J. J. Abrams, the director of
the new Star Trek movie that just recently came out, apparently wanted to get all of his scientific facts right before he depicted his take on the Universe. Indeed, in one of the most epic sequences of the entire movie, the USS Enterprise, the famous ship around which the entire Star Trek series revolves, comes out of Saturn's rings. For the shot, Abrams enlisted the help of NASA's Cassini imaging team leader Carolyn Porco, who is regularly working with the Cassini-Huygens spacecraft around Saturn, photographing it, its moons and its peculiar rings.
“They were very sincere about trying to get things as right as possible. With that in mind, I think they've done a very nice job here while still maintaining all the whiz bang and adventure of the Star Trek story,” she told
Space. However, she added that depicting Saturn in its true appearance would have been impossible, for a very simple reason – the sunlight that reached the planet was about 100 times dimmer than that reaching Earth. “At first blush, it looks incredibly realistic and they did a very excellent job with all the planetary scenes,” she explained.
Porco works out of the Space Science Institute in Boulder, Colorado, more specifically from the Cassini Imaging Central Laboratory for Operations (CICLOPS).
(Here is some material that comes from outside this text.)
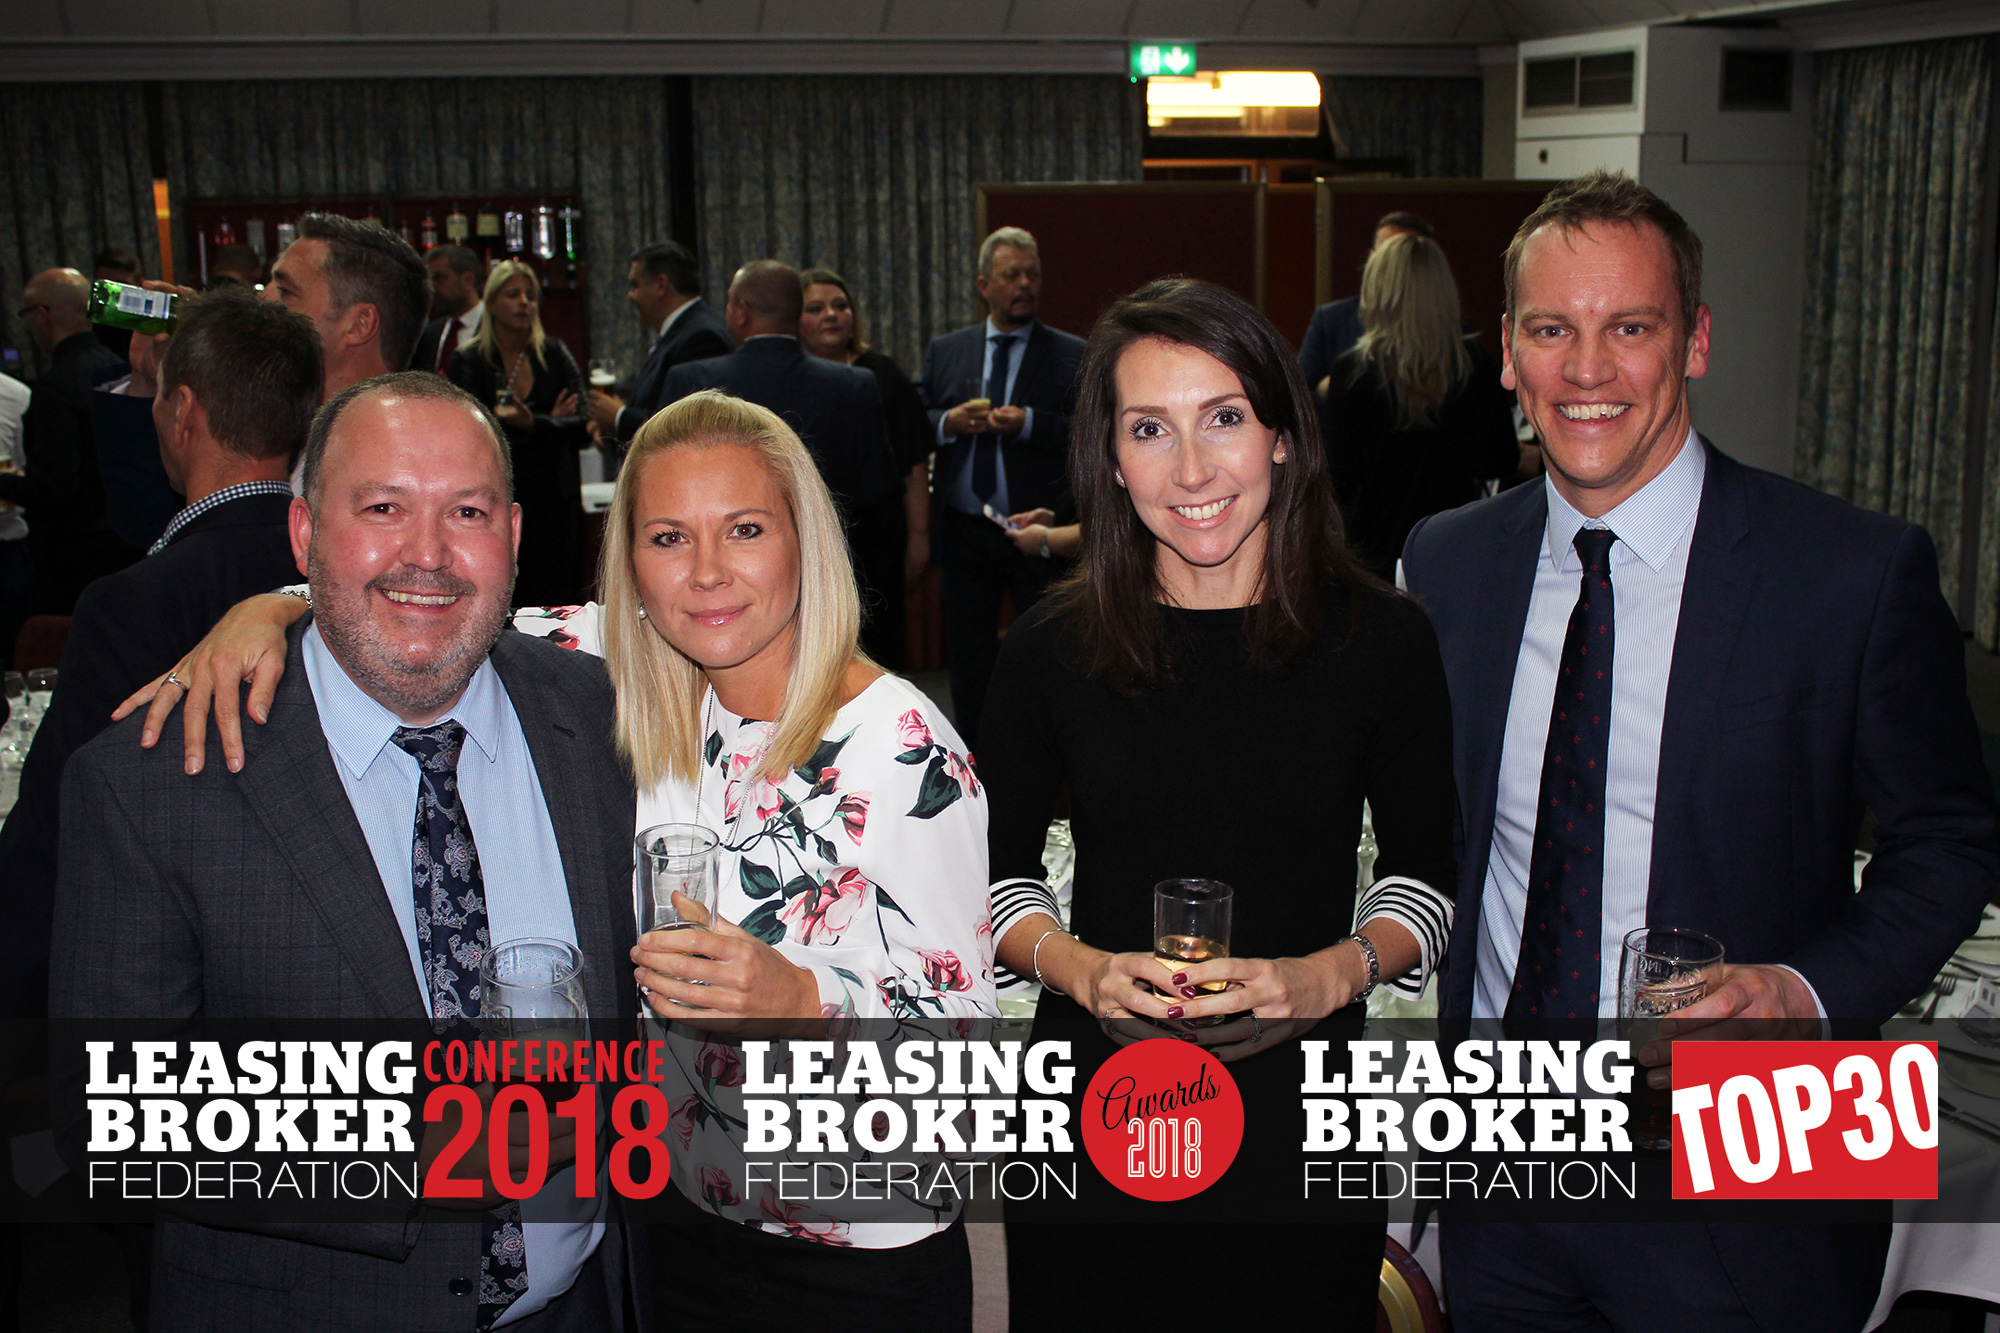 Leasing broker awards 2018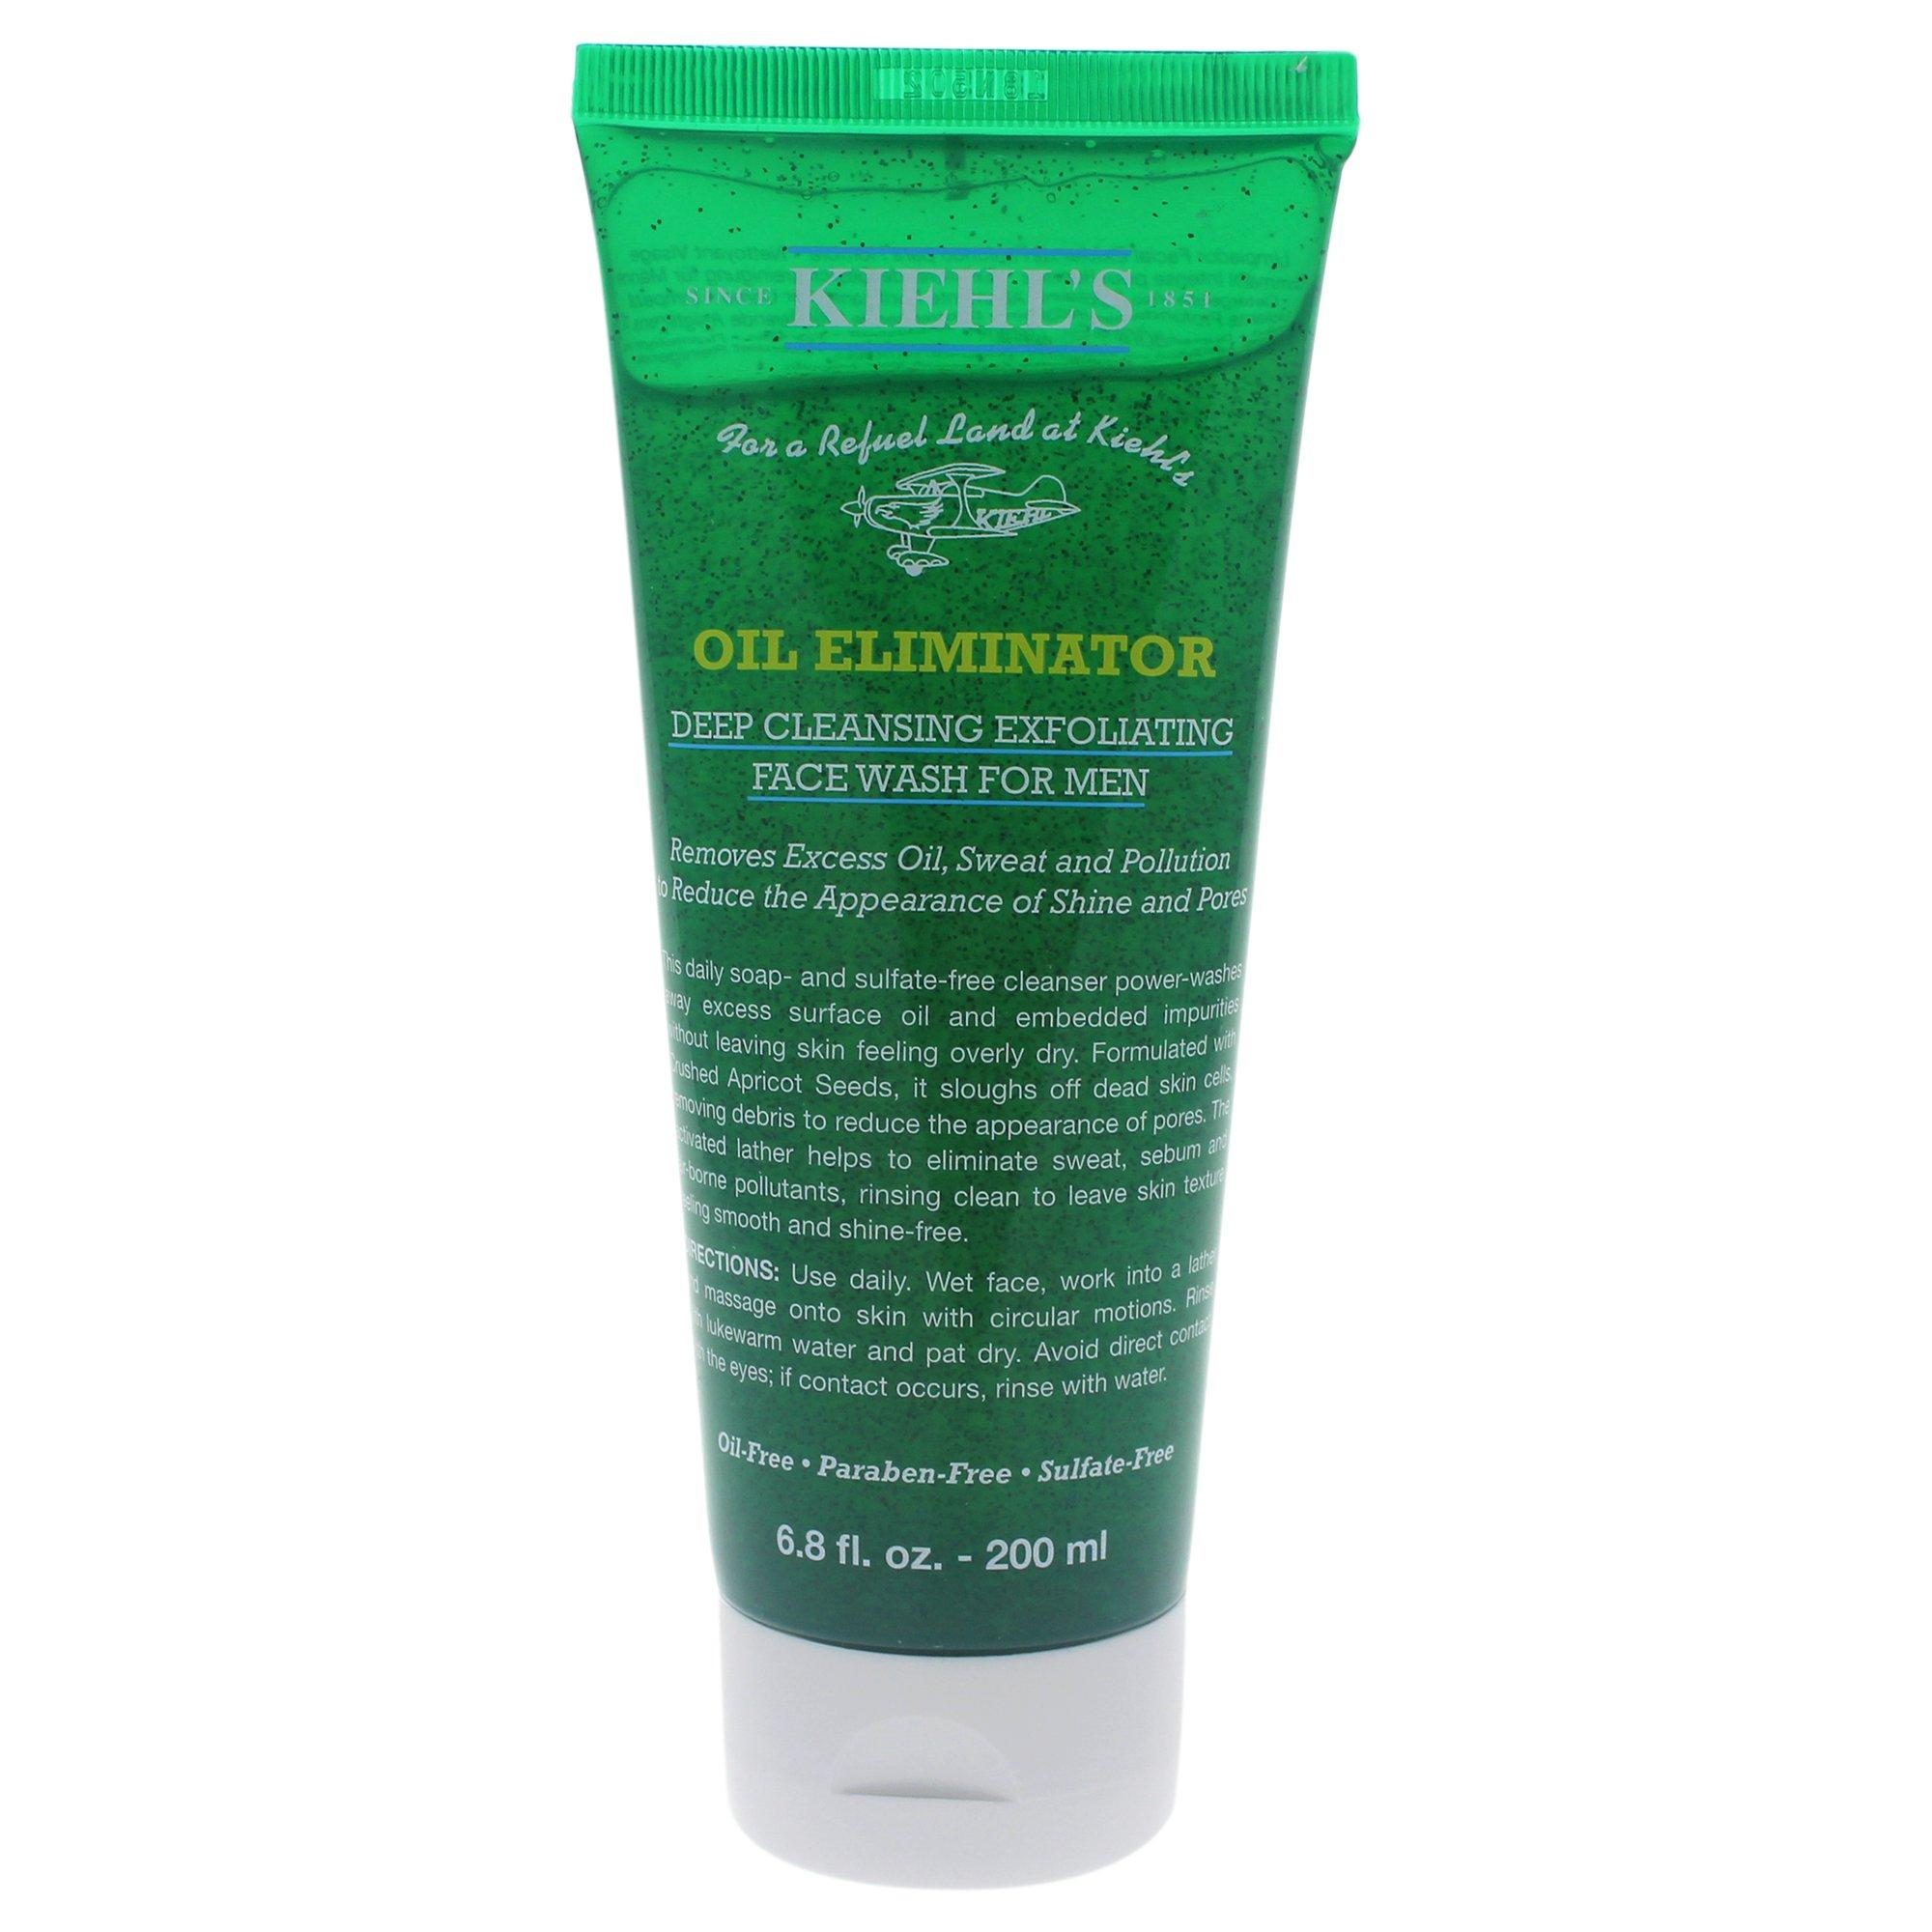 Kiehl's Men Oil Eliminator Deep Cleansing Exfoliating Face Wash 200 ml

On the center's website, the team published high-resolution images of Saturn and its moons, which they gather and process from the international Cassini-Huygens space probe. The craft was launched in 1997, and reached its destination in 2004. Since then, it has sent back a number of revealing images of the gas giant, and has helped with discovering new moons, and also in mapping the surface of the moon Titan.
The science in Star Trek was very solid, experts and viewers noted. For example, the black holes that were depicted in the movie were not bright and did not have explosions or anything of the sort. When a planet was collapsed into a singularity, it simply fell on itself, and then everything around it turned black, in perfect tune with the existing knowledge that these formations absorbed everything, even light. However, when spacecraft were drawn into it, they were not stretched or compressed, as current physics theories have it, but rather simply passed through the event horizon, eventually disappearing.